How Instacart works around buggy Elasticsearch queries

Enterprises that use Elasticsearch to find dynamic information in other apps are struggling to identify errant code that stalls enterprise apps. In theory, application performance monitoring tools should help. But, it wasn’t enough for Instacart to identify the queries that consistently created problems for their consumers and shoppers, said John Meagher, senior software engineer, search infrastructure at Instacart.

Simply scaling up their Elasticsearch instance didn’t solve the problem. So, Meagher decided to find a better way to find out what was responsible for their performance issues. As it turned out, a small number of poorly coded Elasticsearch queries were responsible for most of their problems. Once they found a better way to monitor queries, those errors were reduced by 90% and a lot of other problems went away too.

Building a digital grocer

A key element of Instacart’s business was the creation of the world largest and constantly updated digital catalog of grocery items. Consumers can access the catalog through mobile and web apps when they order food from one or more stores. It’s also used to guide shoppers through store aisles who purchase food on behalf of the consumers. The app needs to present a different view of the information to customers and shoppers.

Elasticsearch sits at the core of this whole process. It makes it easy to surface a dynamic view of the available food and presents different options for consumers and shoppers. Instacart standardized its catalog management on top of Elasticsearch because it’s highly scalable in a way that makes it easy to update items and subsequent information. For example, they wanted a platform that allows one team to update nutritional information and description of a product, and also allow the store to update its inventory.

Elasticsearch makes it easy for developers to code logic that dynamically aggregates and generates information in response to complex queries on the fly.

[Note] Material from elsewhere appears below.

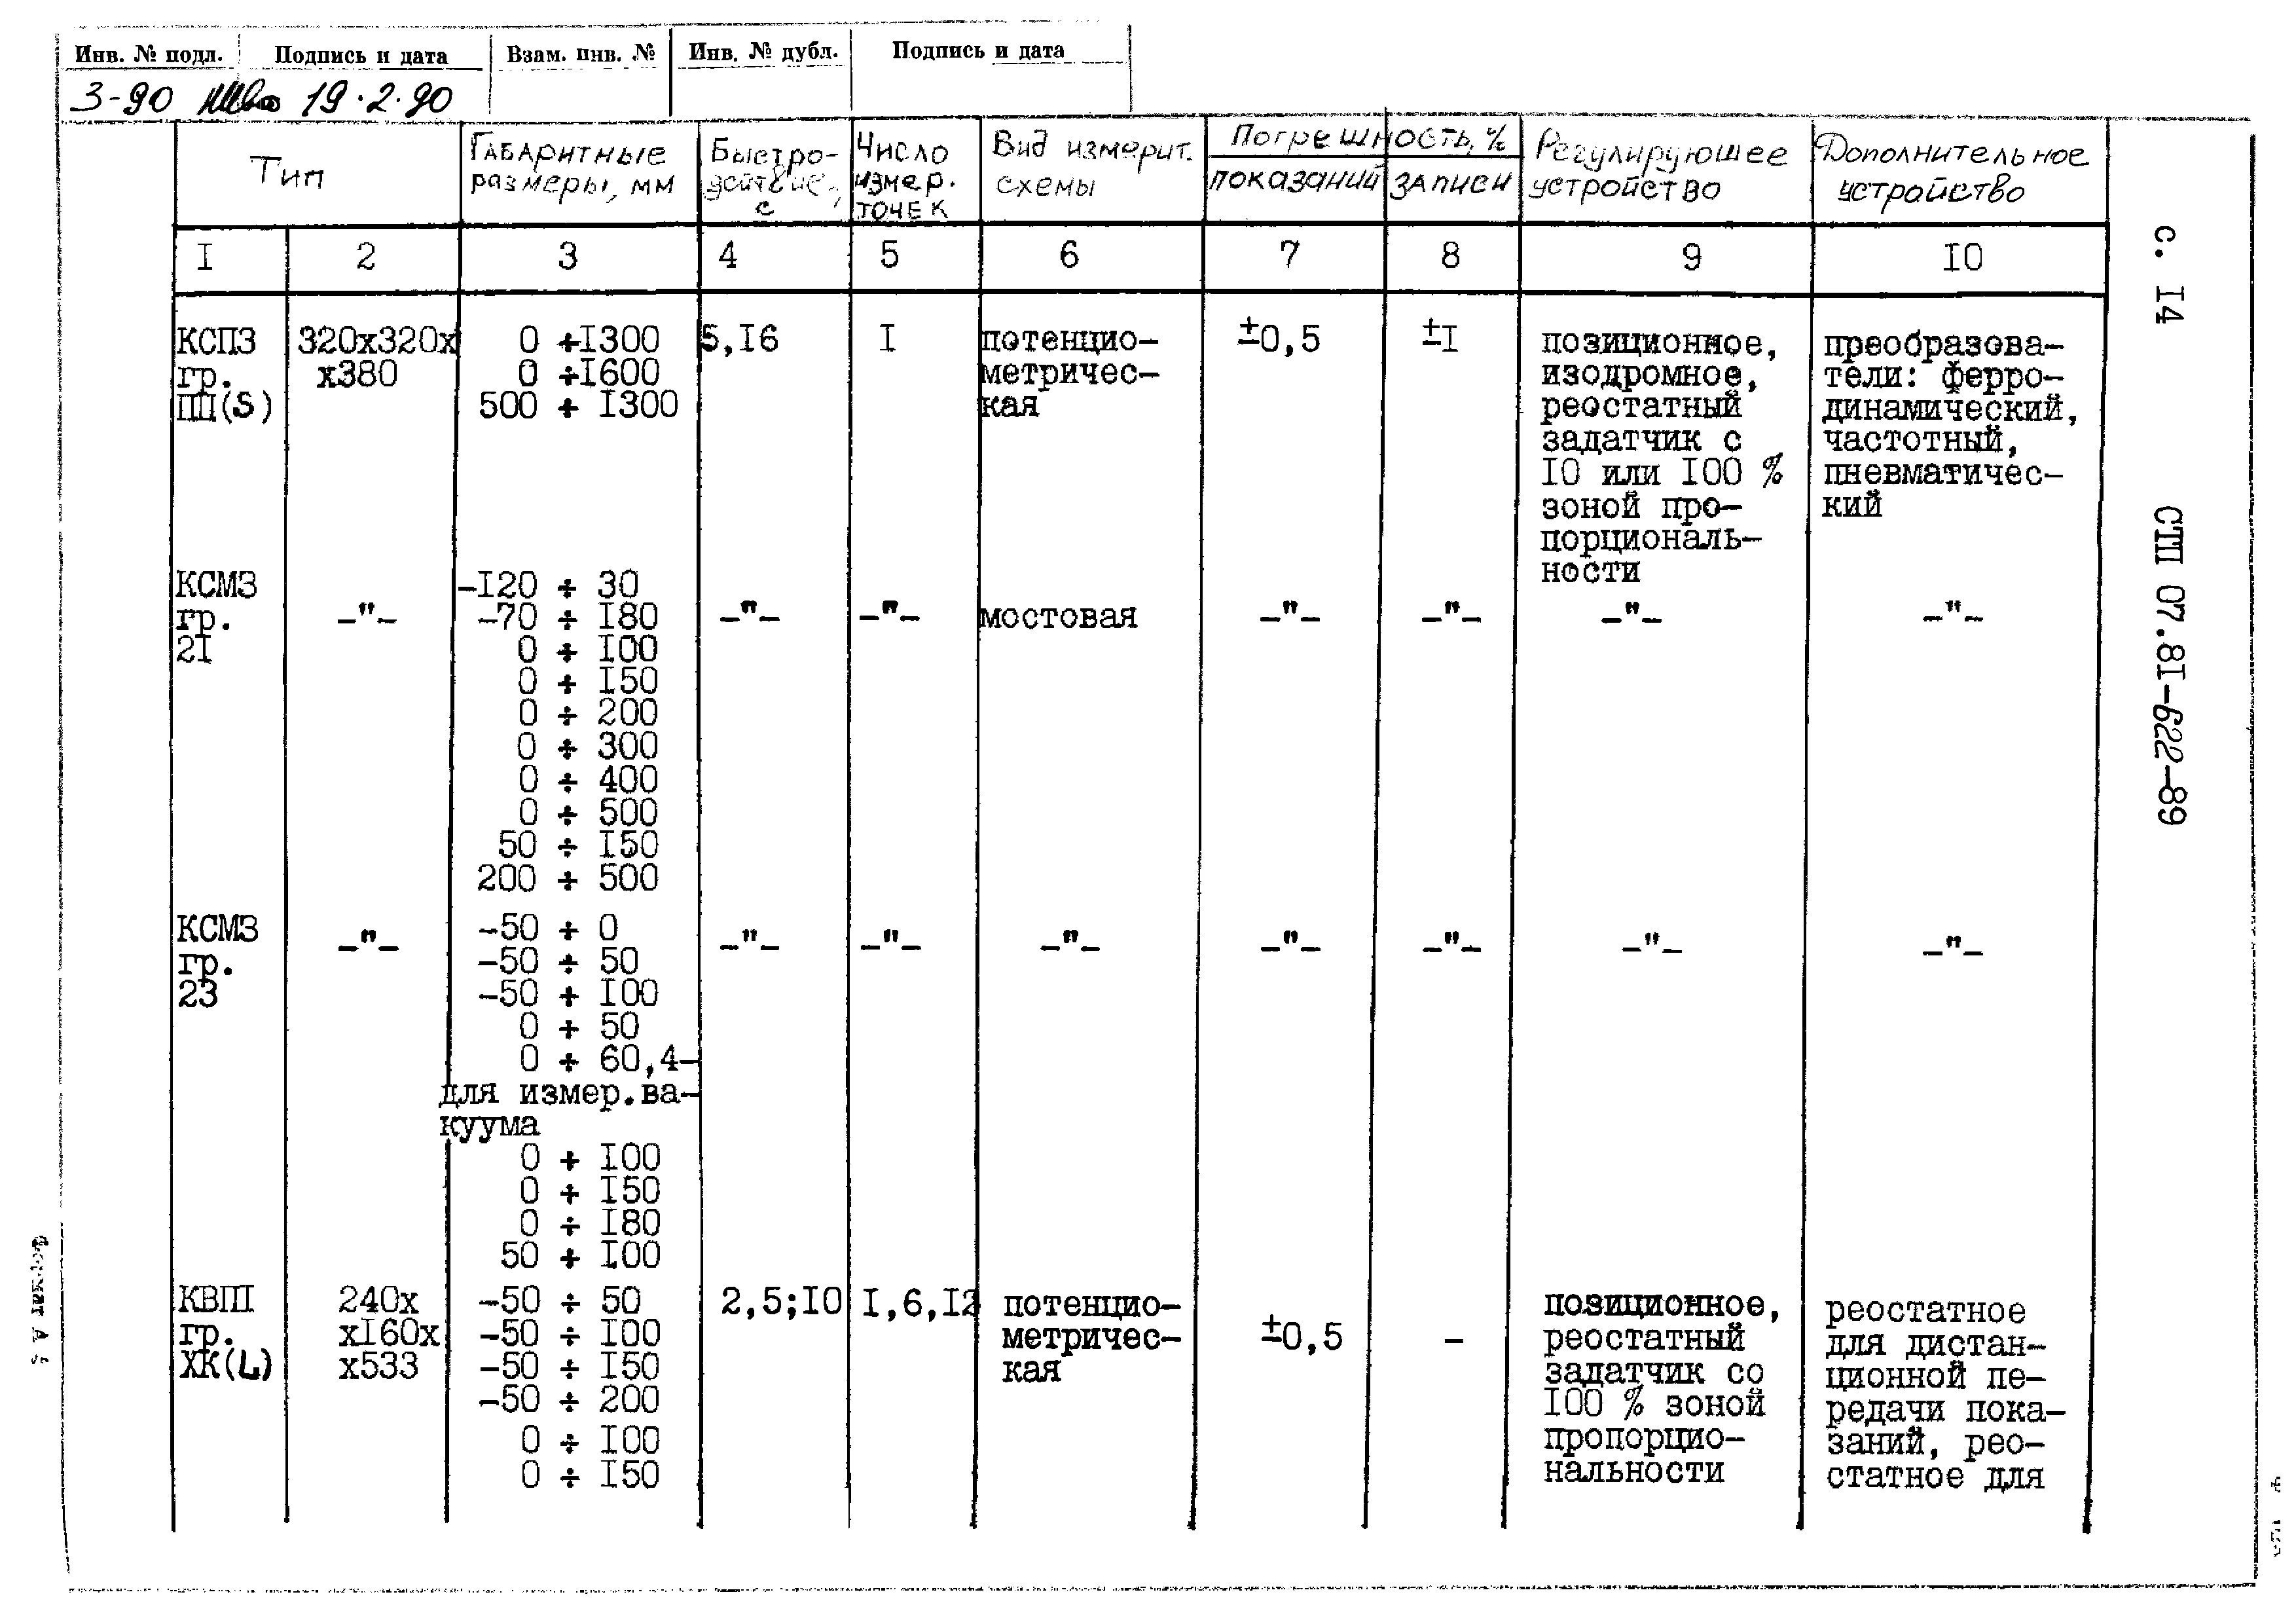 СТП 07.81-622-89

However, when Elasticsearch goes down, everyone else’s services do too. Elasticsearch’s catalog features almost 600 million items that are updated about 750 times per second. Its distributed makes it easier to spread queries across clusters. As a result, each cluster only has to handle about 500 queries per second, while the entire infrastructure handles about 15,000 queries per second.

The pain of buggy Elasticsearch queries

Instacart’s main application includes some outdated code from its founding along with code from new developers. As a result, it’s hard to find the buggy code when a problem emerges. “It feels like we are trying to find a needle in the haystack when looking for what is causing a problem in a cluster, only its worse. It’s more like trying to find one needle in a pile of other needles,” Meagher said.

In early 2018, Instacart would see tens of thousands of time out errors per day. Many components of the Instacart app wouldn’t wait for Elasticsearch queries to come back, and they’d time out early. Some of the particularly bad queries would see as low as a 10% success rate, and a few had a 0% success rate. The site would often go down on the weekends during peak shopping periods, and cause major issues for the app.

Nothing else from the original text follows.